EUR/USD Rebounds Despite Soft Manufacturing and Services PMIs

EUR/USD Rebounds Despite Soft Manufacturing and Services PMIs

The EUR/USD has been choppy this week after rallying from 1.0520 to 1.0848 last week. This week, it retreated to 1.0660, and started to rally again. However, this rally fell short of reaching the 1.0848 high and instead price dropped back towards the 1.0660 area again. Now, despite some weaker than expected manufacturing and services PMI data, the EUR/USD rebounded again. Let’s first take a look at the data points.

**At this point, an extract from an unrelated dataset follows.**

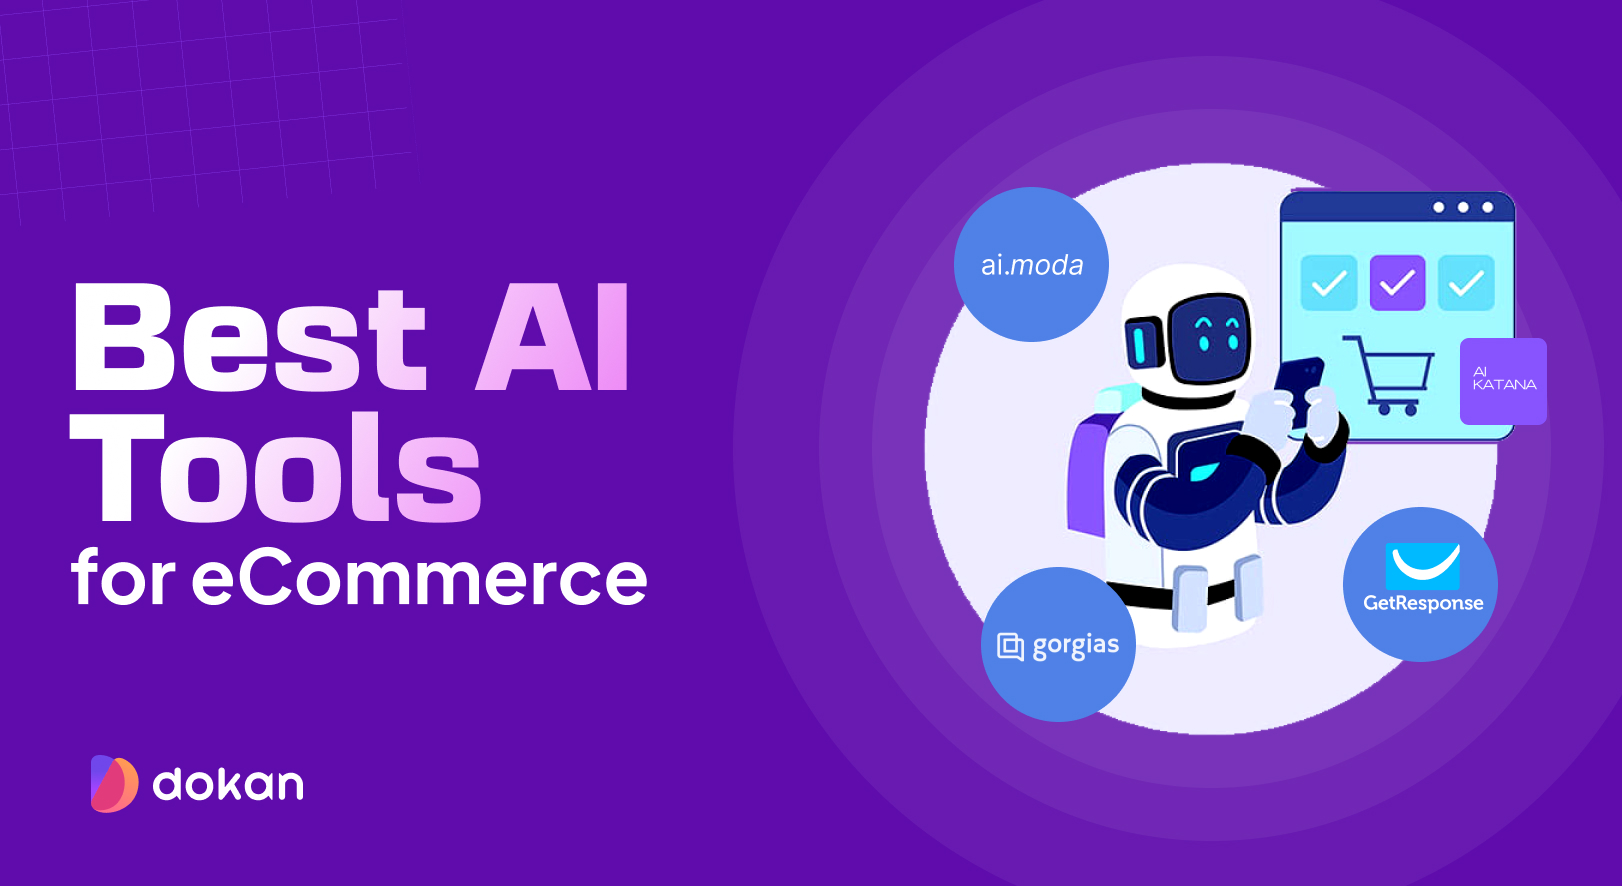 This is the feature image oof the article best AI tools for eCommerce.

German Flash Manufacturing PMI (Apr.): 51.9
Forecast: 53.1
Previous: 52.8 (revised from 52.4)
german manufacturing pmi Apr.
(click to enlarge; source:

German Flash Services PMI (Apr.): 54.4
Forecast: 55.6
Previous: 55.4
Eurozone Flash Manufacturing PMI (Apr.): 51.9
Forecast: 52.6
Previous: 52.2 (revised from 51.9)
Eurozone Flash Services PMI  (Apr.): 53.7
Forecast: 54.5
Previous: 54.2 (revised from 54.3)

Germany is the manufacturing engine of the Eurozone, so its Manufacturing PMI is more scrutinized than the other PMIs. While this month’s PMI missed forecast, we can see from the chart above the declining trend since 2014 has flattened, just above 50. This means despite decelerating since 2014, the manufacturing sector continues to expand, albeit barely. This is a positive way of looking at it I know, but looking at the EUR/USD, it appears that the market was not impacted by the soft data today.

EUR/USD 1H Chart 4/23
eurusd 1h chart 4/23
(click to enlarge)

The EUR/USD is basically stuck in consolidation and we shouldn’t make too much of these intra-week, intra-consolidation swings. One thing we can say is that since EUR/USD was able to rally despite poor data, it shows that bears are weak. We can’t say much about the bulls in this market neither, because they have not shown much conviction. However, the 1H bullish candles following the data set do give the EUR/USD a slight bullish bias.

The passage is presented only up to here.